Any valid Groovy expression can be used.

### Inbuilt Pinot functions

There are also several inbuilt functions that can be used directly as ingestion transform functions

#### DateTime functions

These functions enable time transformations.

**toEpochXXX**

Converts from epoch milliseconds to a higher granularity.

| Function name  | Description                                                                                      |
| -------------- | ------------------------------------------------------------------------------------------------ |
| toEpochSeconds | <p>Converts epoch millis to epoch seconds.</p><p>Usage:<code>"toEpochSeconds(millis)"</code></p> |
| toEpochMinutes | <p>Converts epoch millis to epoch minutes</p><p>Usage: <code>"toEpochMinutes(millis)"</code></p> |
| toEpochHours   | <p>Converts epoch millis to epoch hours</p><p>Usage: <code>"toEpochHours(millis)"</code></p>     |
| toEpochDays    | <p>Converts epoch millis to epoch days</p><p>Usage: <code>"toEpochDays(millis)"</code></p>       |

**toEpochXXXRounded**

Converts from epoch milliseconds to another granularity, rounding to the nearest rounding bucket. For example, `1588469352000` (2020-05-01 42:29:12) is `26474489` minutesSinceEpoch. `` `toEpochMinutesRounded(1588469352000) = 26474480 `` (2020-05-01 42:20:00)

| Function Name         | Description                                                                                                      |
| --------------------- | ---------------------------------------------------------------------------------------------------------------- |
| toEpochSecondsRounded | Converts epoch millis to epoch seconds, rounding to nearest rounding bucket`"toEpochSecondsRounded(millis, 30)"` |
| toEpochMinutesRounded | Converts epoch millis to epoch seconds, rounding to nearest rounding bucket`"toEpochMinutesRounded(millis, 10)"` |
| toEpochHoursRounded   | Converts epoch millis to epoch seconds, rounding to nearest rounding bucket`"toEpochHoursRounded(millis, 6)"`    |
| toEpochDaysRounded    | Converts epoch millis to epoch seconds, rounding to nearest rounding bucket`"toEpochDaysRounded(millis, 7)"`     |

**fromEpochXXX**

Converts from an epoch granularity to milliseconds.

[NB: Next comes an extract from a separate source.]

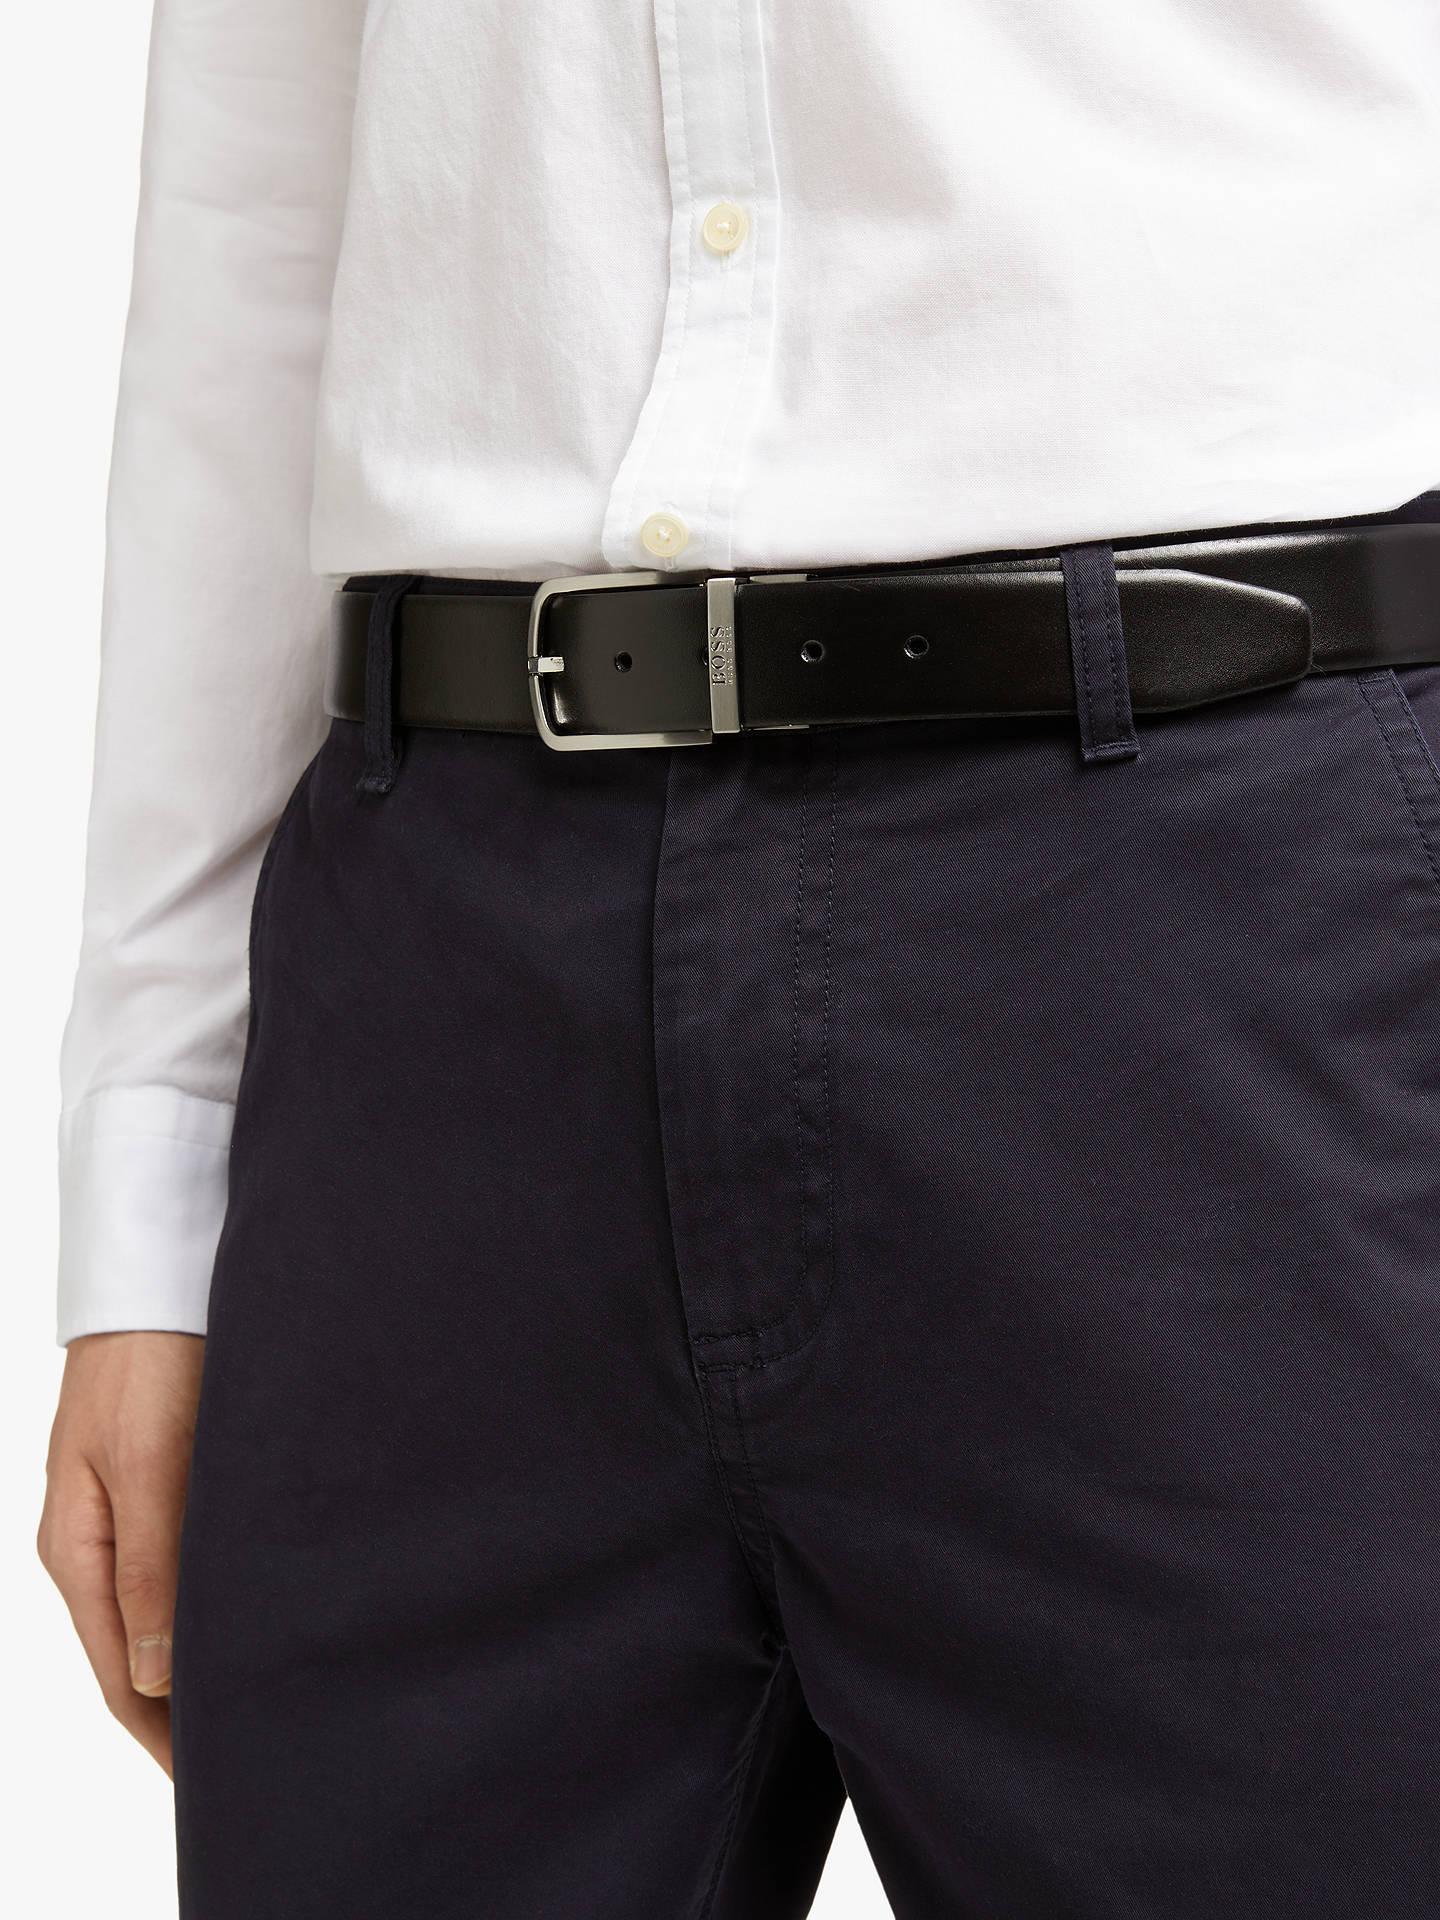 e4e761bb85 ... Buy BOSS Owen Reversible Leather Belt, One Size, Black/Brown Online at  johnlewis ...

| Function Name    | Description                                                                                                 |
| ---------------- | ----------------------------------------------------------------------------------------------------------- |
| fromEpochSeconds | <p>Converts from epoch seconds to milliseconds</p><p><code>"fromEpochSeconds(secondsSinceEpoch)"</code></p> |
| fromEpochMinutes | <p>Converts from epoch minutes to milliseconds</p><p><code>"fromEpochMinutes(minutesSinceEpoch)"</code></p> |
| fromEpochHours   | <p>Converts from epoch hours to milliseconds</p><p><code>"fromEpochHours(hoursSinceEpoch)"</code></p>       |
| fromEpochDays    | <p>Converts from epoch days to milliseconds</p><p><code>"fromEpochDays(daysSinceEpoch)"</code></p>          |

**Simple date format**

Converts simple date format strings to milliseconds and vice-a-versa, as per the provided pattern string.

| Function name | Description                                                                                                                                                              |
| ------------- | ------------------------------------------------------------------------------------------------------------------------------------------------------------------------ |
| toDateTime    | <p>Converts from milliseconds to a formatted date time string, as per the provided pattern</p><p><code>"toDateTime(millis, 'yyyy-MM-dd')"</code></p>                     |
| fromDateTime  | <p>Converts a formatted date time string to milliseconds, as per the provided pattern</p><p><code>"fromDateTime(dateTimeStr, 'EEE MMM dd HH:mm:ss ZZZ yyyy')"</code></p> |

{% hint style="info" %}
**Note**

Letters that are not part of Simple Date Time legend (<https://docs.oracle.com/javase/8/docs/api/java/text/SimpleDateFormat.html>) need to be escaped. For example:

`"transformFunction": "fromDateTime(dateTimeStr, 'yyyy-MM-dd''T''HH:mm:ss')"`
{% endhint %}

#### JSON functions

| Function name | Description                                                                                                                                                                                                                                                                                                        |
| ------------- | ------------------------------------------------------------------------------------------------------------------------------------------------------------------------------------------------------------------------------------------------------------------------------------------------------------------ |
| json\_format  | <p>Converts a JSON/AVRO complex object to a string. This json map can then be queried using <a href="https://docs.pinot.apache.org/users/user-guide-query/pinot-query-language#transform-function-in-aggregation-and-grouping">jsonExtractScalar</a> function.</p><p><code>"json\_format(jsonMapField)"</code></p> |

## Types of transformation

### Filtering

Records can be filtered as they are being ingested. A filter function can be specified in the filterConfigs in the ingestionConfigs of the table config.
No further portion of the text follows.